# Intro. to Snorkel: Extracting Spouse Relations from the News

## Part III: Creating or Loading Evaluation Labels

In [1]:
%load_ext autoreload
%autoreload 2
import os

# TO USE A DATABASE OTHER THAN SQLITE, USE THIS LINE
# Note that this is necessary for parallel execution amongst other things...
# os.environ['SNORKELDB'] = 'postgres:///snorkel-intro'

from snorkel import SnorkelSession
session = SnorkelSession()

## Part III(a): Creating Evaluation Labels in the `Viewer`

We repeat our definition of the `Spouse` `Candidate` subclass from Part II.

In [2]:
from snorkel.models import candidate_subclass
Spouse = candidate_subclass('Spouse', ['person1', 'person2'])

In [3]:
dev_cands = session.query(Spouse).filter(Spouse.split == 1).all()
len(dev_cands)

223

In [4]:
test_cands = session.query(Spouse).filter(Spouse.split == 2).all()
len(test_cands)

279

## Labeling by hand in the `Viewer`

In [5]:
from snorkel.viewer import SentenceNgramViewer

# NOTE: This if-then statement is only to avoid opening the viewer during automated testing of this notebook
# You should ignore this!
import os
if 'CI' not in os.environ:
    sv = SentenceNgramViewer(dev_cands, session)
else:
    sv = None

<IPython.core.display.Javascript object>

We now open the Viewer.  You can mark each `Candidate` as true or false.
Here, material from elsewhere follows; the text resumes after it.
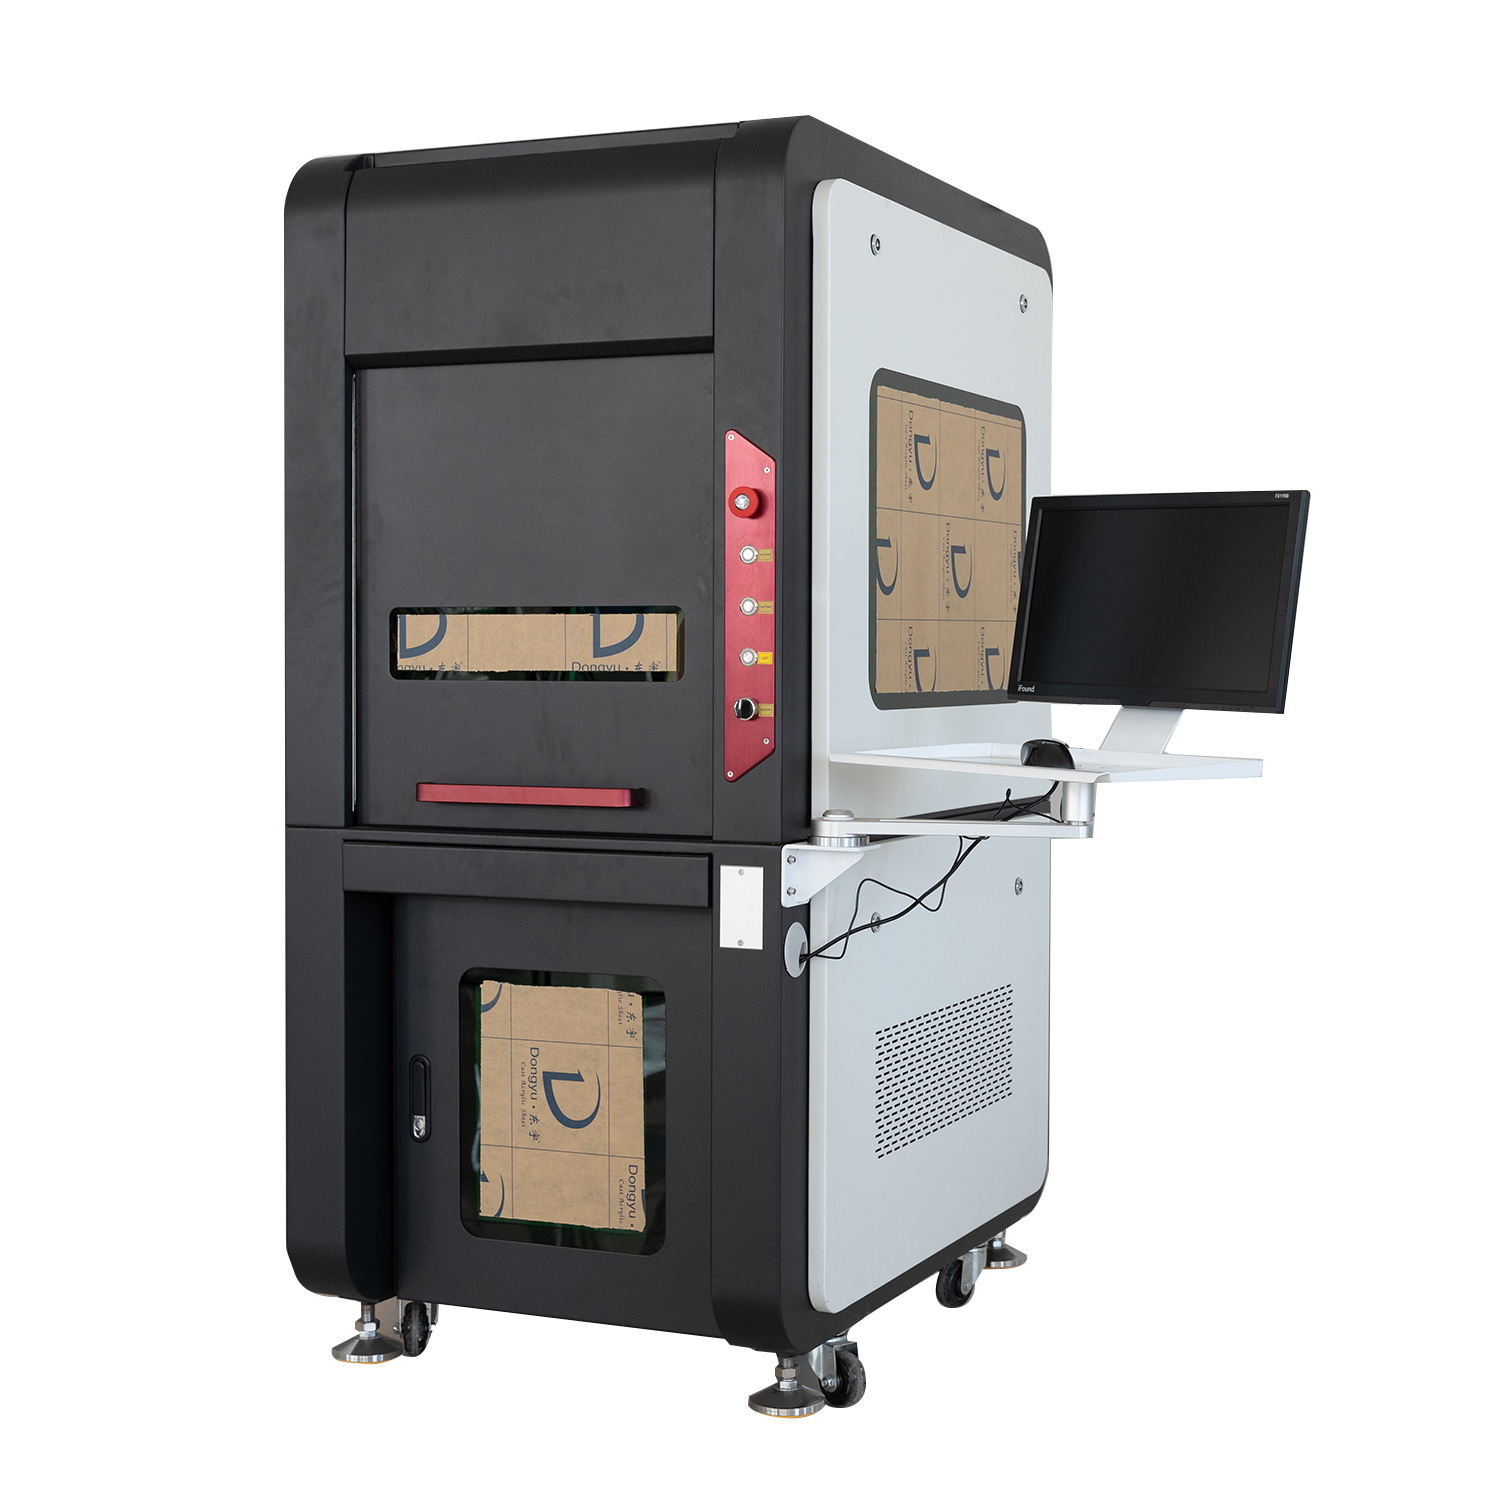 Hoge kwaliteit laser Raycus / MAX / JPT laserbron fiber lasermarkeermachines 20w 30w 50w
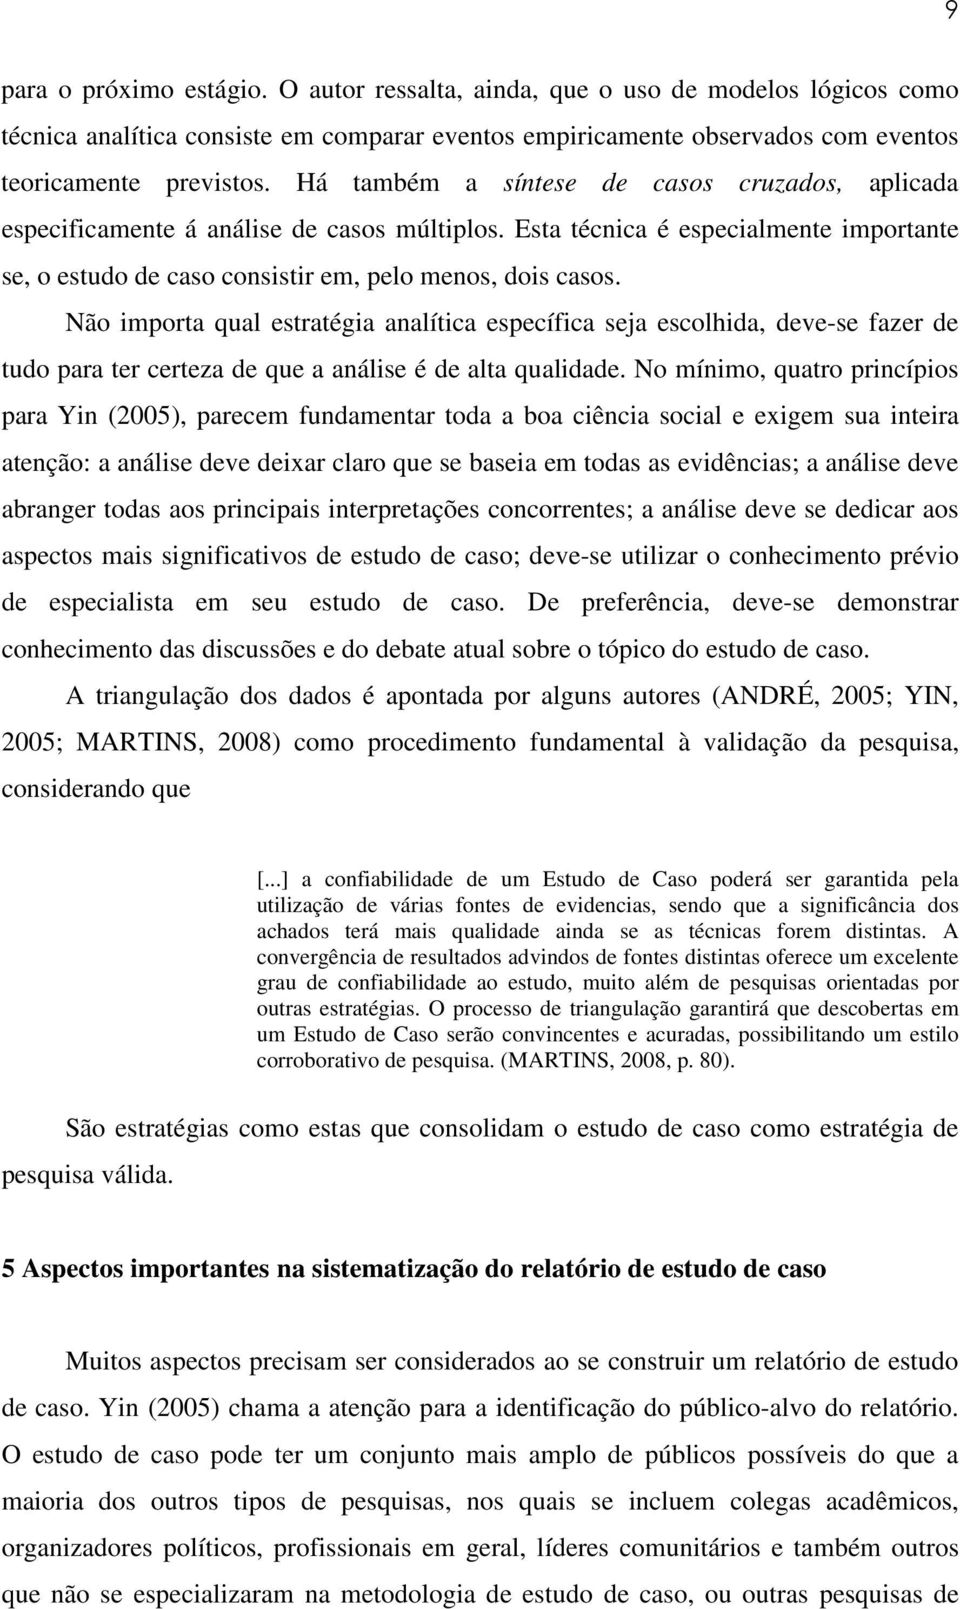 ESTUDO DE CASO NA PESQUISA QUALITATIVA EM EDUCAÇÃO: UMA METODOLOGIA - PDF  Free Download

Try it!  These labels are automatically saved in the database backend, and can be accessed using the annotator's name as the AnnotationKey.

In [6]:
sv

## Part III(b): Loading External Evaluation Labels

We have already annotated the dev and test set for this tutorial, and now use it as an excuse to go through a basic procedure of loading in _externally annotated_ labels.

Snorkel stores all labels that are manually annotated in a **stable** format (called `StableLabels`), which is somewhat independent from the rest of Snorkel's data model, does not get deleted when you delete the candidates, corpus, or any other objects, and can be recovered even if the rest of the data changes or is deleted.

If we have external labels from another source, we can also load them in via the `stable_label` table:

In [7]:
import pandas as pd
from snorkel.models import StableLabel

gold_labels = pd.read_csv('data/gold_labels.tsv', sep="\t")
name = 'gold'
for index, row in gold_labels.iterrows():    
    # We check if the label already exists, in case this cell was already executed
    context_stable_ids = "~~".join([row['person1'], row['person2']])
    query = session.query(StableLabel).filter(StableLabel.context_stable_ids == context_stable_ids)
    query = query.filter(StableLabel.annotator_name == name)
    if query.count() == 0:
        session.add(StableLabel(context_stable_ids=context_stable_ids, annotator_name=name, value=row['label']))
        
    # Because it's a symmetric relation, load both directions...
    context_stable_ids = "~~".join([row['person2'], row['person1']])
    query = session.query(StableLabel).filter(StableLabel.context_stable_ids == context_stable_ids)
    query = query.filter(StableLabel.annotator_name == name)
    if query.count() == 0:
        session.add(StableLabel(context_stable_ids=context_stable_ids, annotator_name=name, value=row['label']))

session.commit()

Then, we use a helper function to restore `Labels` from the `StableLabels` we just loaded

_Note that we "miss" a few due to parsing discrepancies with original candidates labeled; specifically, you should be able to reload 220/223 on the dev set and 273/279 on the test set._

In [8]:
from snorkel.db_helpers import reload_annotator_labels
reload_annotator_labels(session, Spouse, 'gold', split=1, filter_label_split=False)
reload_annotator_labels(session, Spouse, 'gold', split=2, filter_label_split=False)

AnnotatorLabels created: 220
AnnotatorLabels created: 273


If you want to confirm that these labels are loaded, you can reload the `SentenceNgramViewer` with `annotator_name=gold` to see them! Next, in Part IV, we will build a model to predict these labels using data programming.